Tras recorrer todas las habitaciones, el ciego entró en la cocina y
comprobó con sorpresa que el mal olor salía del interior de la casuela.
— ¿Qué cosa más rara? —Dijo toda vez que ponía la nariz justo
encima de la olla—. Sí, sí, no hay duda, el olor sale de aquí
El ciego acercó la nariz cada vez más sin poder ver que la cazuela
soltaba una espesa humareda. Y tanto la acercó que acabó por
entrarle en los ojos. ¡Bueno, no veas cómo picaba! Al pobre hombre
le caían mejillas abajo unos lagrimones enormes. Pero lo que nunca
se pudo imaginar es que, cuando logró abrirlos de nuevo, sus ojos
volvían a ver.
— ¡Veo!—gritaba loco de alegría.
Ya lo creo que podía ver. Aunque lo primero que vio no le gustó
nada; descubrió que dentro de la cazuela no había pescado fresco
sino que lo que había eran serpientes venenosas.

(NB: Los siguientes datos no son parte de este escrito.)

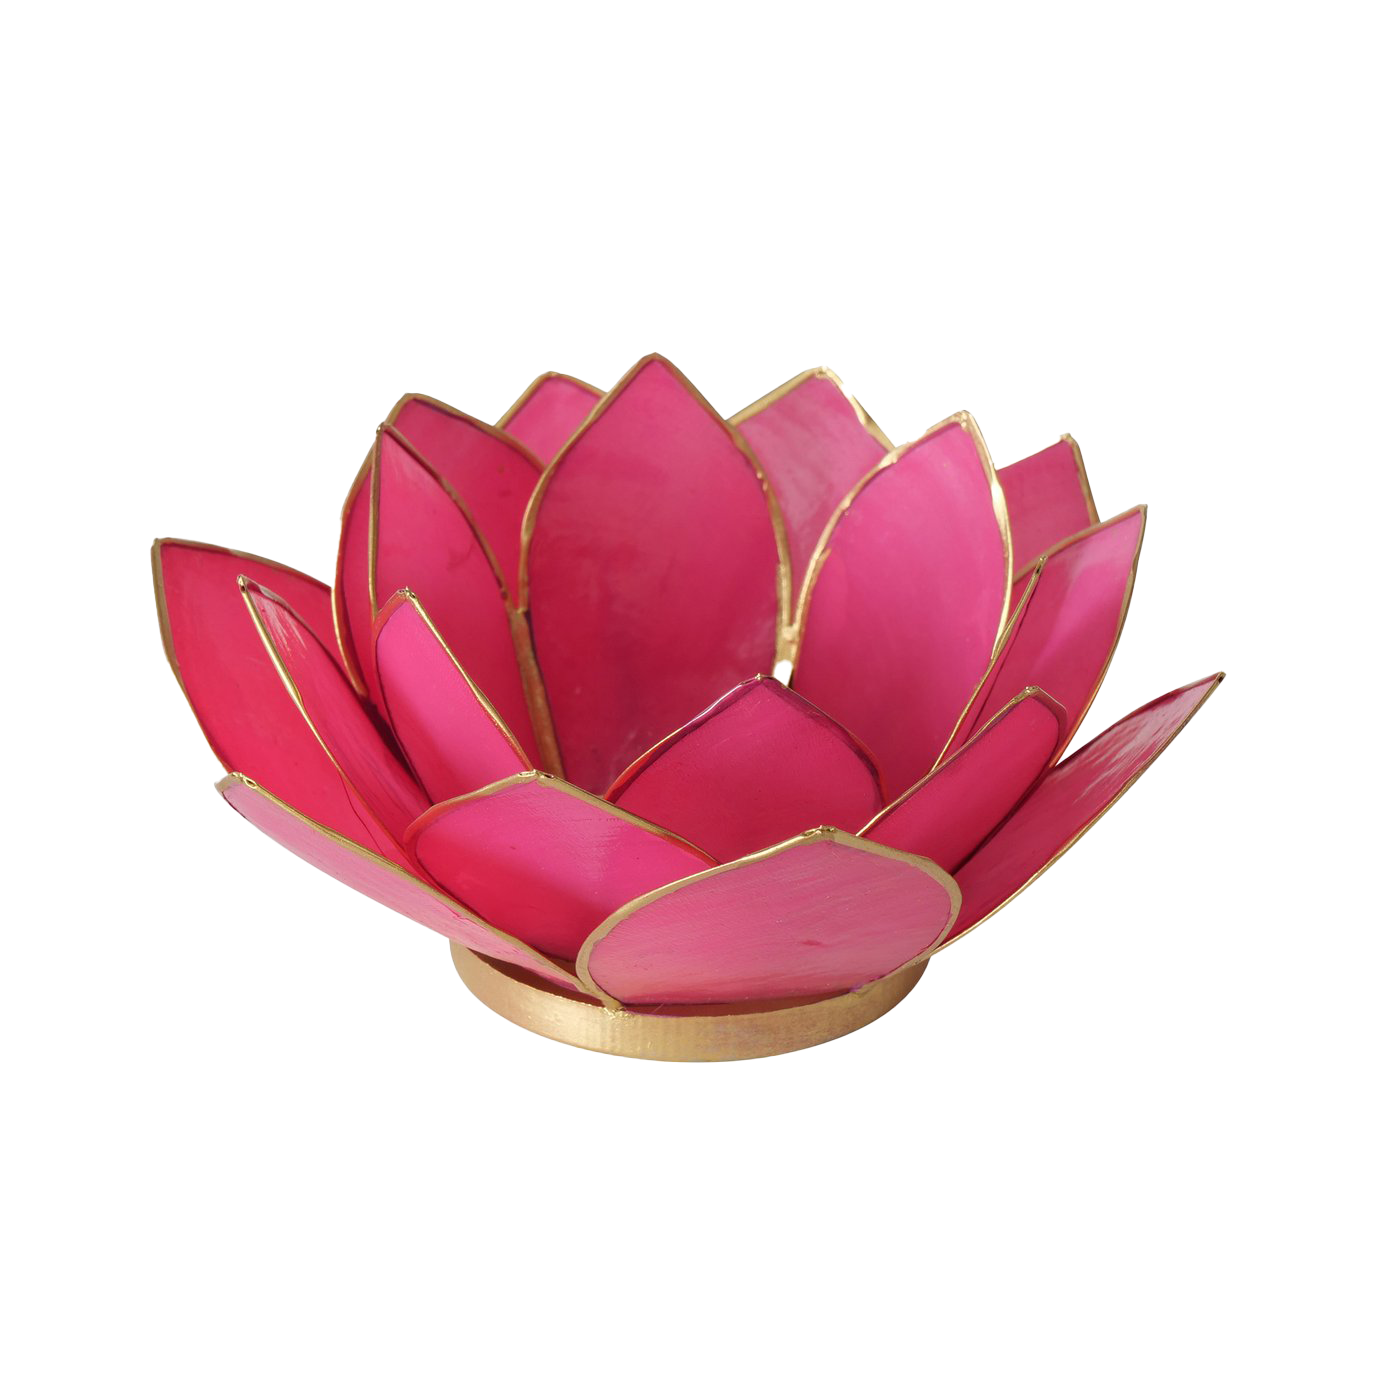 Lotusbloem waxinelichthouder bright pink
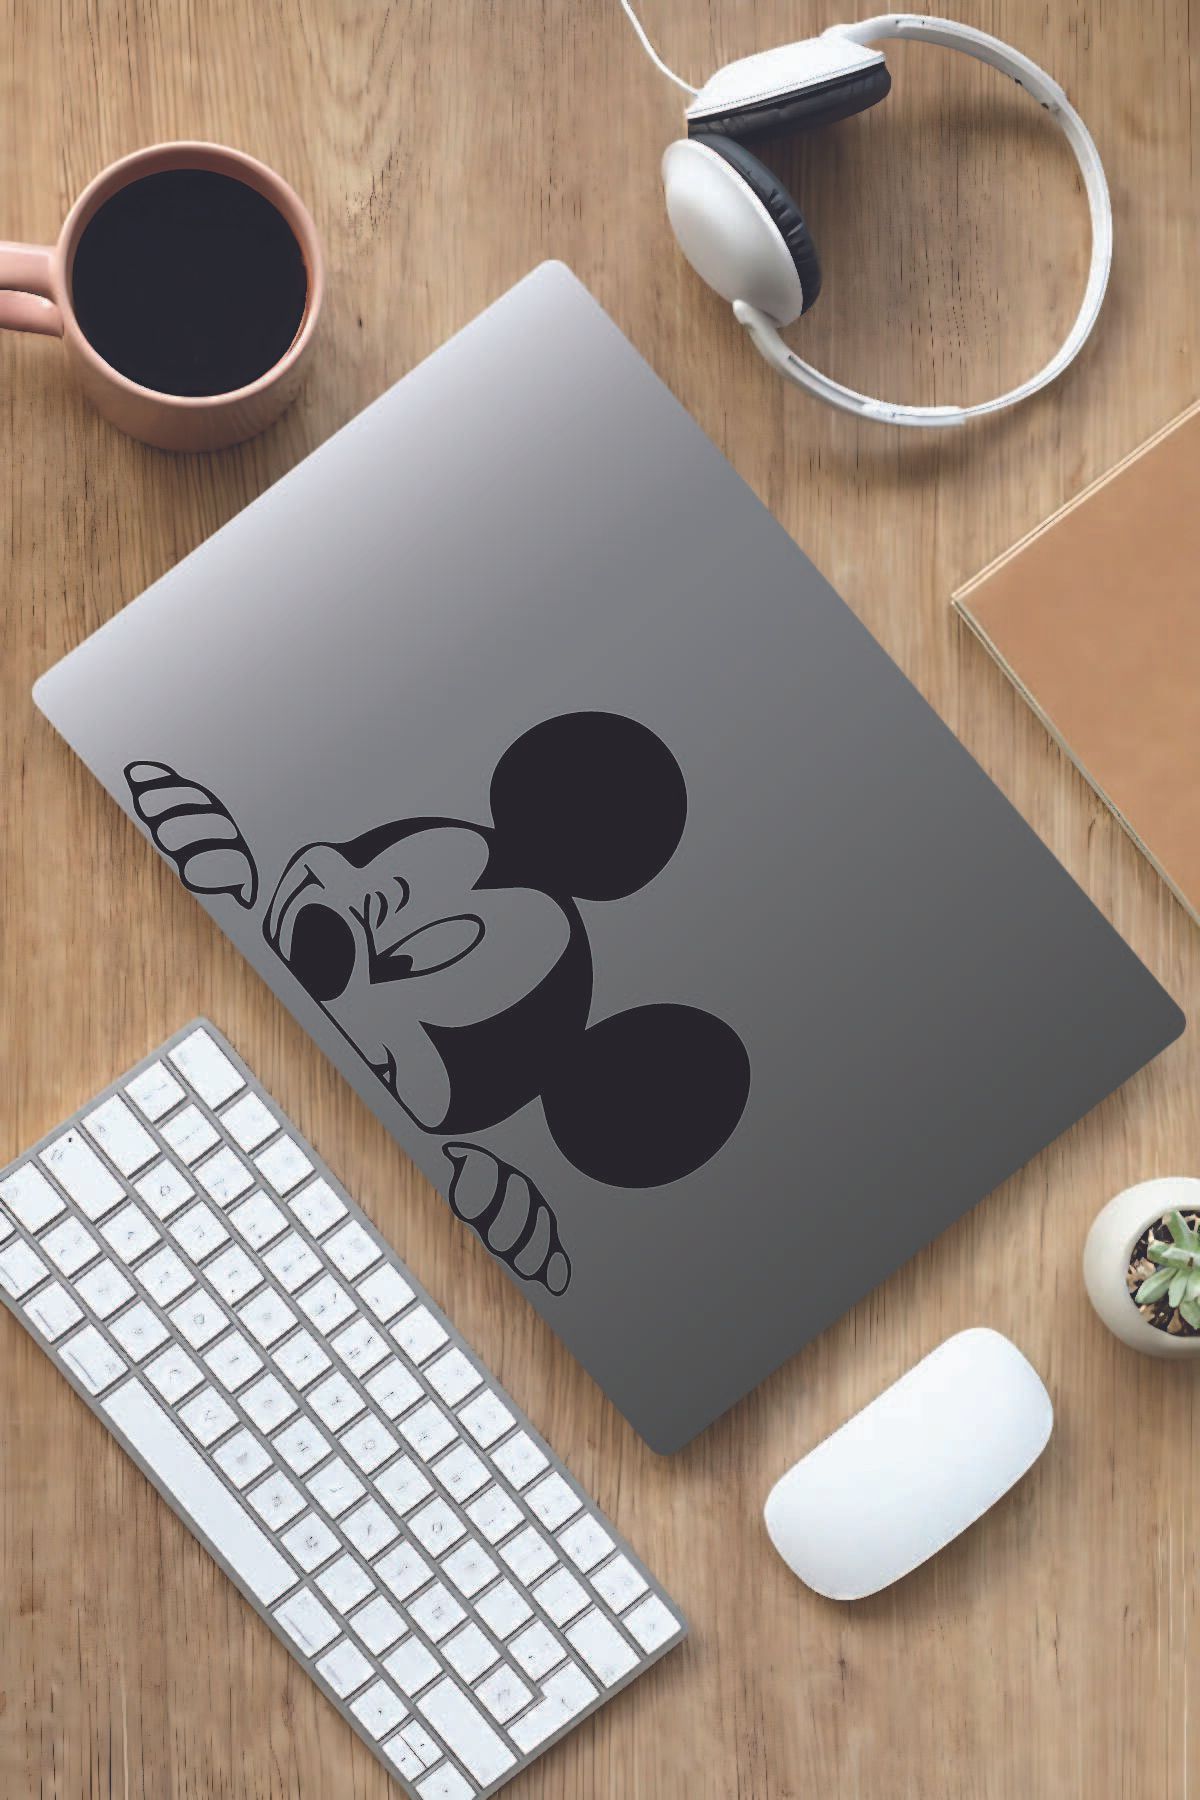 Wannart Mickey Mouse Sticker Laptop Araba Duvar Cam Etiket Çıkartma Siyah 17x11 Cm

Inmediatamente se dio cuenta de todo: el jorobado había intentado
envenenarle. Pero pensó que también había conseguido hacerle un
gran bien ayudándole a recuperar la visión.
— ¿Y ahora qué hago? —se preguntó—. Porque es cierto que el
jorobado ha intentado matarme, pero también es cierto que gracias a
ello mis ojos pueden volver a ver.
Al final pudo más el enfado que la alegría y el ciego decidió vengarse.
Pilló el bastón más grueso que tenía y se escondió en el rincón más
oscuro a la espera de que el jorobado regresara a casa.
El jorobado llegó cuando ya ende noche. Abrió la puerta y entró en la
casa con pies de plomo, ya que no sabía qué se iba a encontrar.
— Hola, ¿hay alguien en casa? –preguntó cuando llegó al comedor.
Al oírlo, el ciego abandonó su escondite y le pegó tal bastonazo en la
espalda que el jorobado se puso recto de repente.
— ¡Mi joroba ha desaparecido!—exclamó llorando de alegría—. ¡Mi
espalda está recta ¡Gracias, gracias!
Los dos amigos habían intentado hacerse daño el uno al otro; pero lo
único que habían conseguido era hacerse un favor mutuamente. El
ciego había recuperado la vista y el jorobado había perdido la joroba.
Aquella misma madrugada, los dos amigos se sinceraran
explicándose todos sus sentimientos. Se pidieron perdón una y mil
veces prometiéndose que nunca más intentarían hacerse daño, Y así
fue cómo el ciego y el jorobado siguieron viviendo juntos en aquella
casa hasta el fin de sus días. Pero lo más importante que
consiguieron es que su amistad fuera más fuerte cada día.